Died: February 2, 1881, Manhattan, New York.
Buried: Saint Johnland Cemetery, Kings Park, New York.
Edward was the son of Abiel Washburn, Jr., and Paulina Tucker, and husband of Frances Hall Lindsly.
He attended the Boston Latin School, where he won a Franklin Medal, then studied at Harvard. When he graduated from Harvard on August 29, 1838, the order of exercises for Commencement listed A Dissertation,
The Sensibility which terminates in Imagination,
Edward Abiel Washburn, Boston.
After Harvard, Washburn studied theology at Andover and New Haven, and entered the Congregational ministry. In 1844, having been ordained in the Protestant Episcopal Church, he became rector of St. Paul’s, Newburyport, Massachusetts, where he stayed until 1851.

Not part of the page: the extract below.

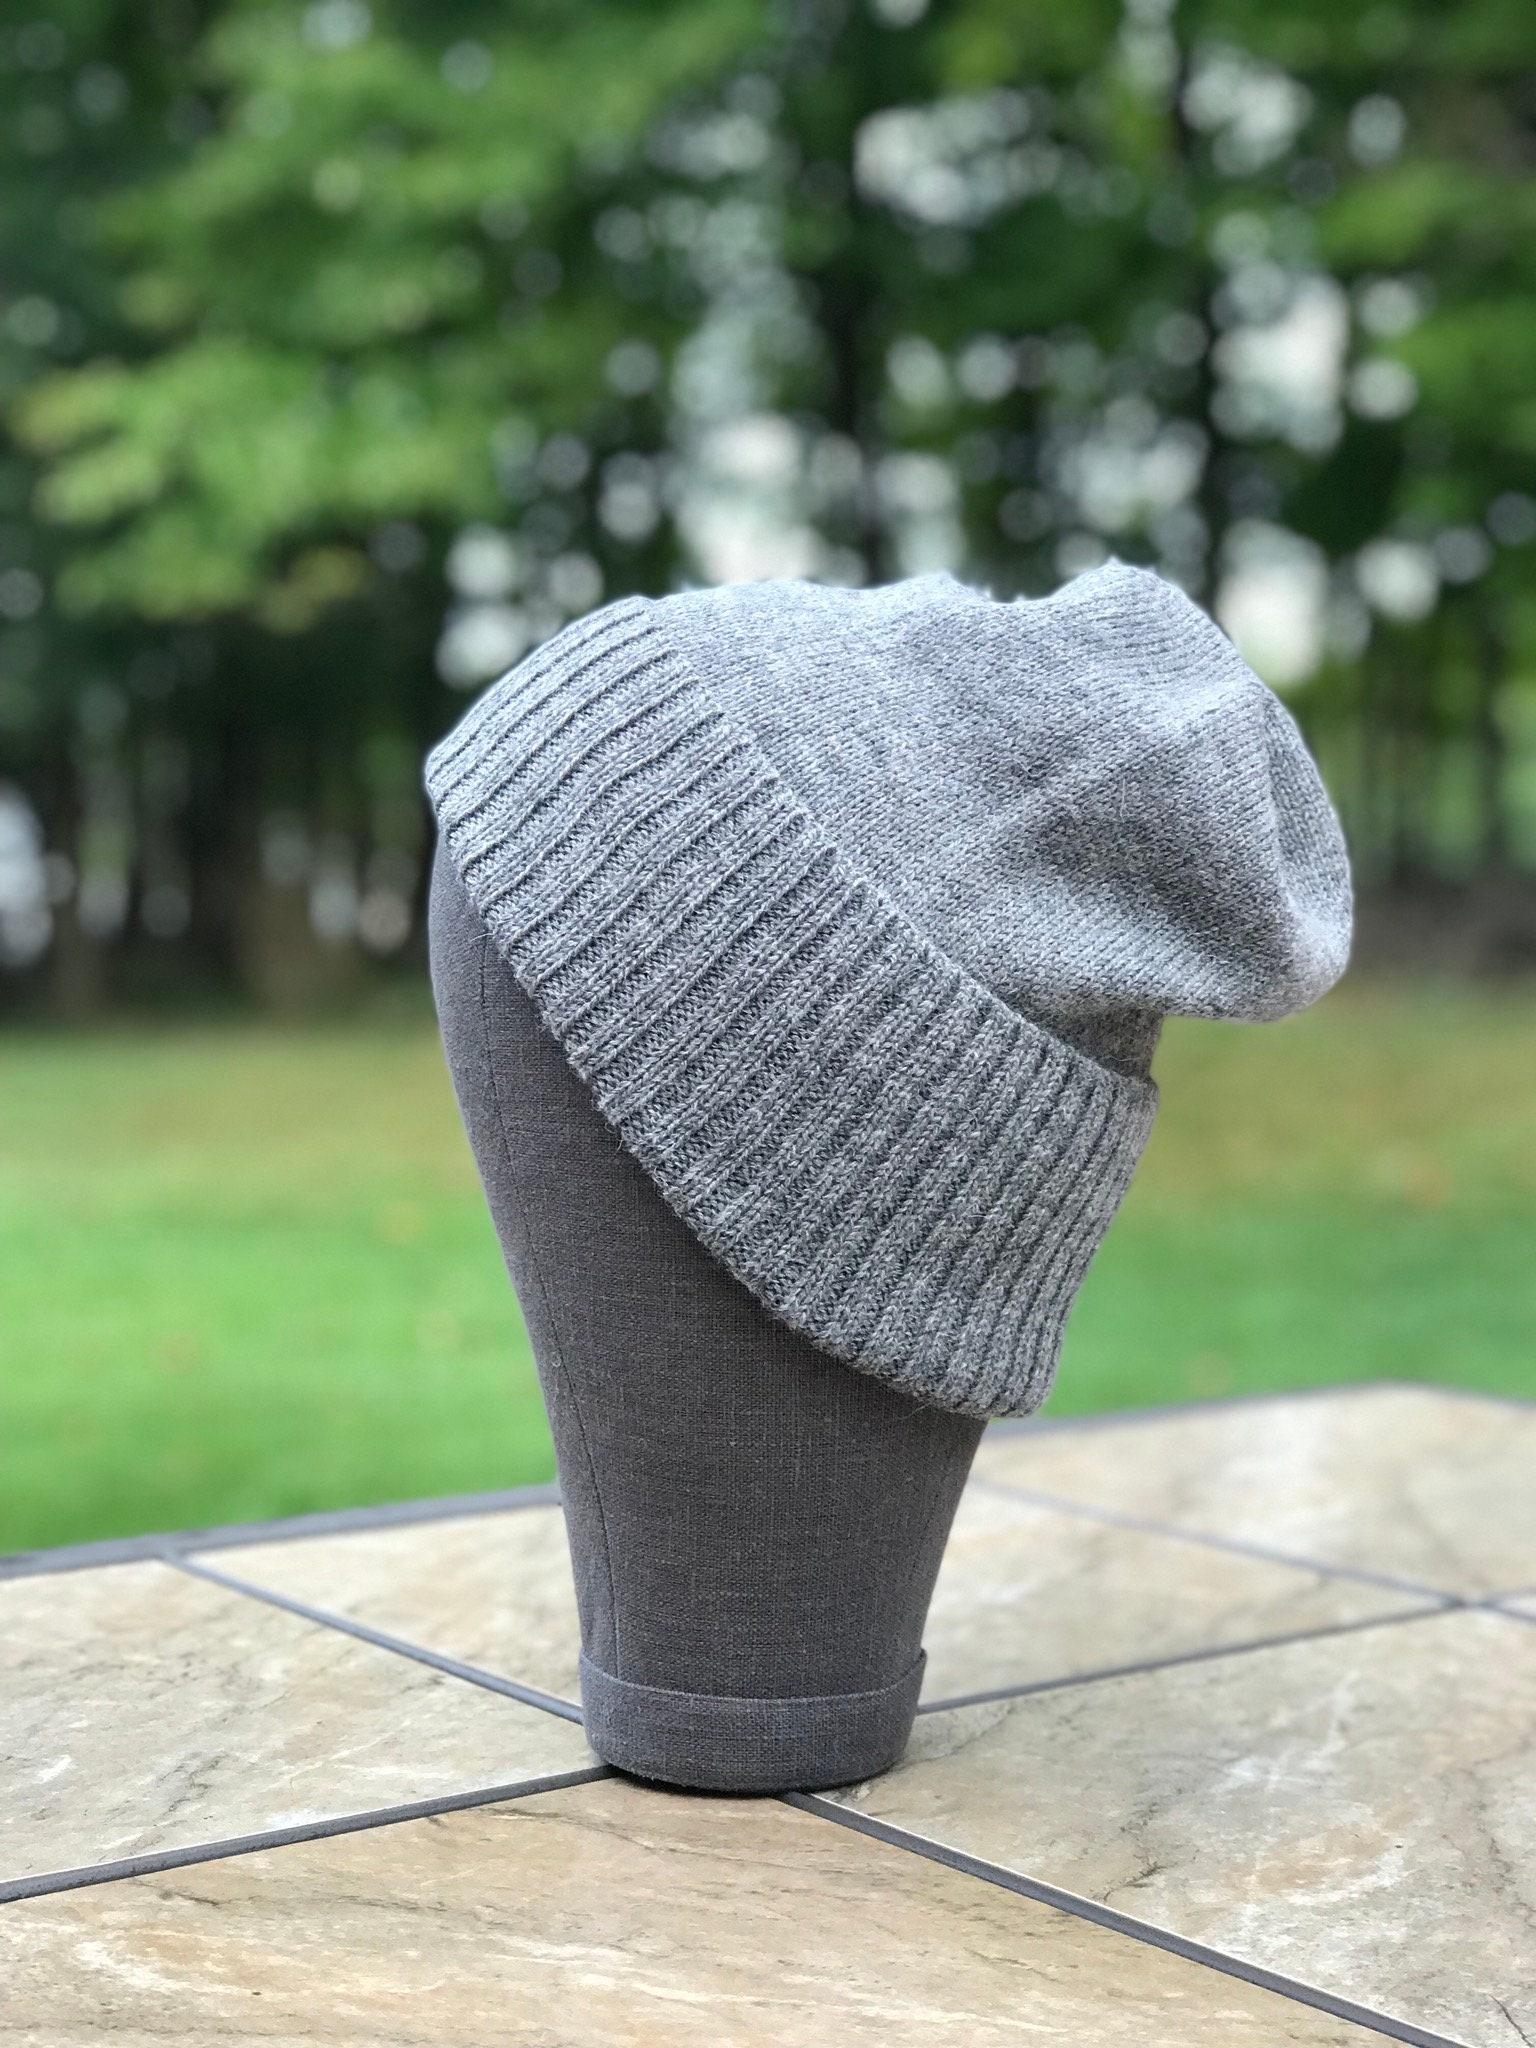 Drawing Flamingos Warm Winter Hat Knit Beanie Skull Cap Cuff Beanie Hat Winter Hats for Men /& Women

He spent 1851–52 visiting Egypt, Palestine, India and China.
He then served as rector of St. John’s, Hartford, Connecticut (1853–62); Professor of Church Polity, Berkeley Divinity School, Middletown, Connecticut; rector of St. Mark’s, Philadelphia, Pennsylvania (1862–65); and rector of Calvary Church, New York (1865–81).
In 1871, Washburn was a delegate to the Evangelical Alliance, and in 1872 he visited Spain. In 1873, he attended sessions of the Evangelical Alliance in New York, and in 1879, visited Basel, Switzerland. In the summer of 1880, he traveled on horseback in Virginia and North Carolina.